Bedouin teens develop Moovit-like app for school kids in Negev villages - Maccabee Task Force

Over a dozen youths complete five-week tech program for Bedouin community, backed by MIT, Ben-Gurion University.

A “Bedouin Moovit” bus app, a nanodevice for tracking plant health, and a smart bracelet that helps those with vision impairments avoid obstacles were among the final projects developed this summer by a group of Bedouin teenagers in the Negev region as part of a new tech training program specifically for Bedouin youth.

Over a dozen Bedouin teens were selected for the five-week boot camp, dubbed “Digital Tent,” a collaboration between the Massachusetts Institute of Technology, Ben-Gurion University of the Negev, and Siraj, a non-profit organization dedicated to integrating members of the Bedouin community into Israel’s celebrated high-tech sector with its coveted high salaries.

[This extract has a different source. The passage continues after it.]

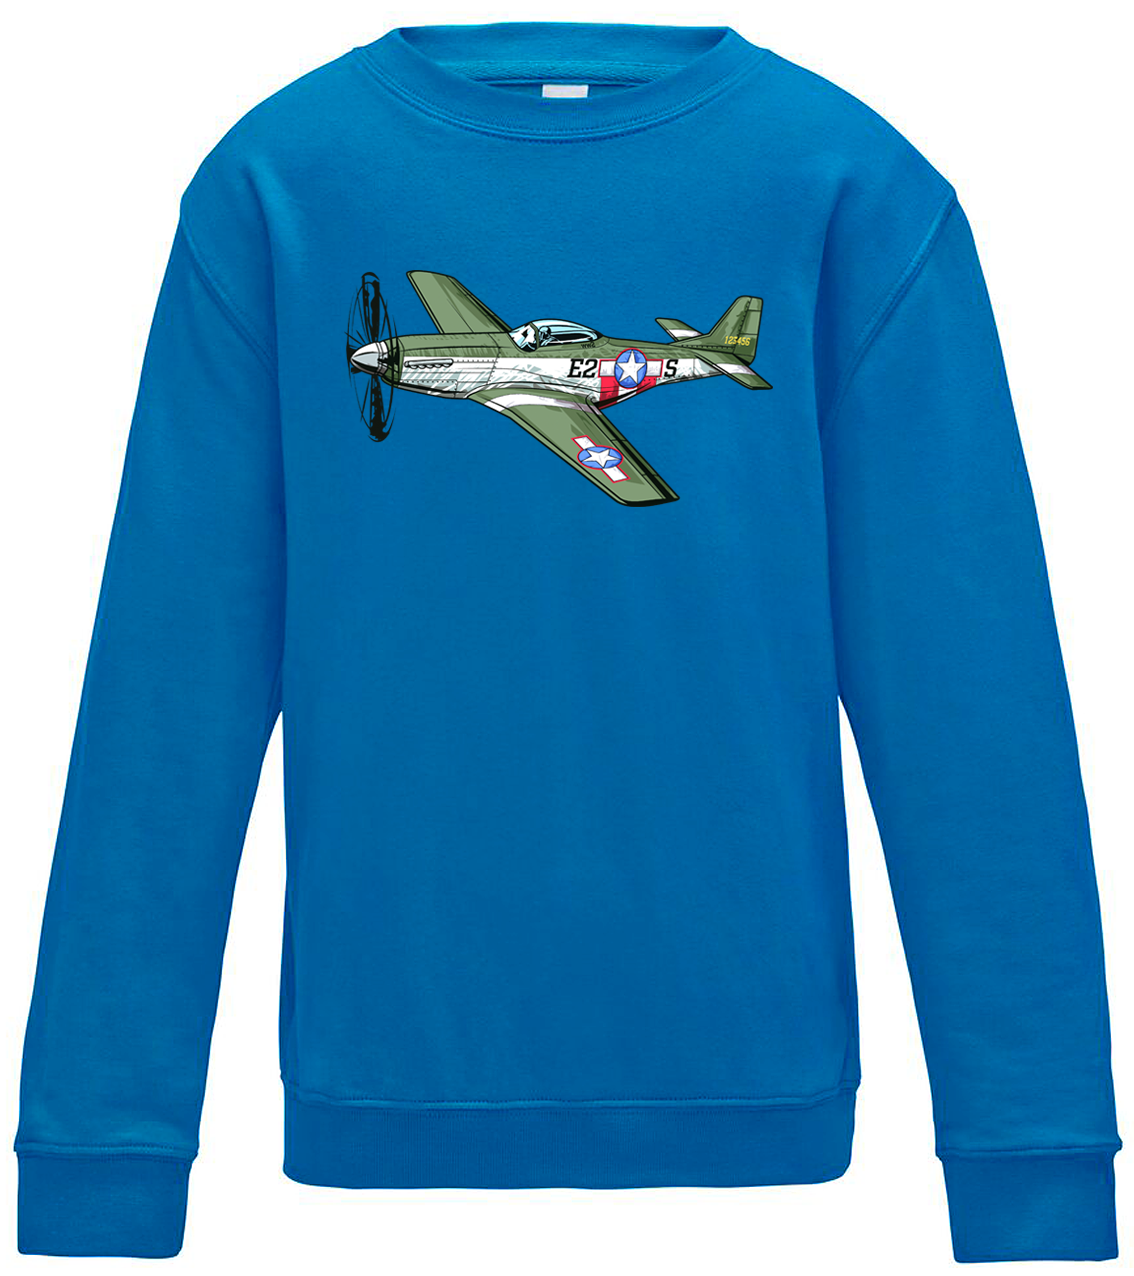 Dětská mikina s letadlem - P-51 Mustang Velikost: 12/14 (152/164), Barva: Modrá

The local tech industry is made up mostly of secular, Jewish men who served in the Israeli army, while women and members of ultra-Orthodox and Arab communities are severely under-represented. Israel’s Bedouin population numbers around 200,000 and is part of Israel’s Arab minority, itself about 20% of the whole population, but just around 3.5% of the tech workforce.

A minority within a minority, Bedouin communities are among the most disadvantaged groups in the country, and suffer from a chronic lack of infrastructure like water systems, electricity grids, and roads, have inadequate access to quality education and healthcare, and often rank low on socio-economic scales among Israeli localities. Most live in the Negev area in a mix of towns and villages, some of them unrecognized by the state. A scathing State Comptroller report released last year said Bedouin communities in the south live with a shocking lack of services and governance and blamed the state, in part.

Siraj (“a source of light” in Arabic) was founded in 2017 by Israeli entrepreneurs and academics to expose Bedouin teens and youths to advanced technologies and spark their interest in fields like programming and software development. The organization has since launched Siraj Technologies, a sister company that offers solutions in the Internet of Things (IoT) space and provides job opportunities to Bedouin university graduates.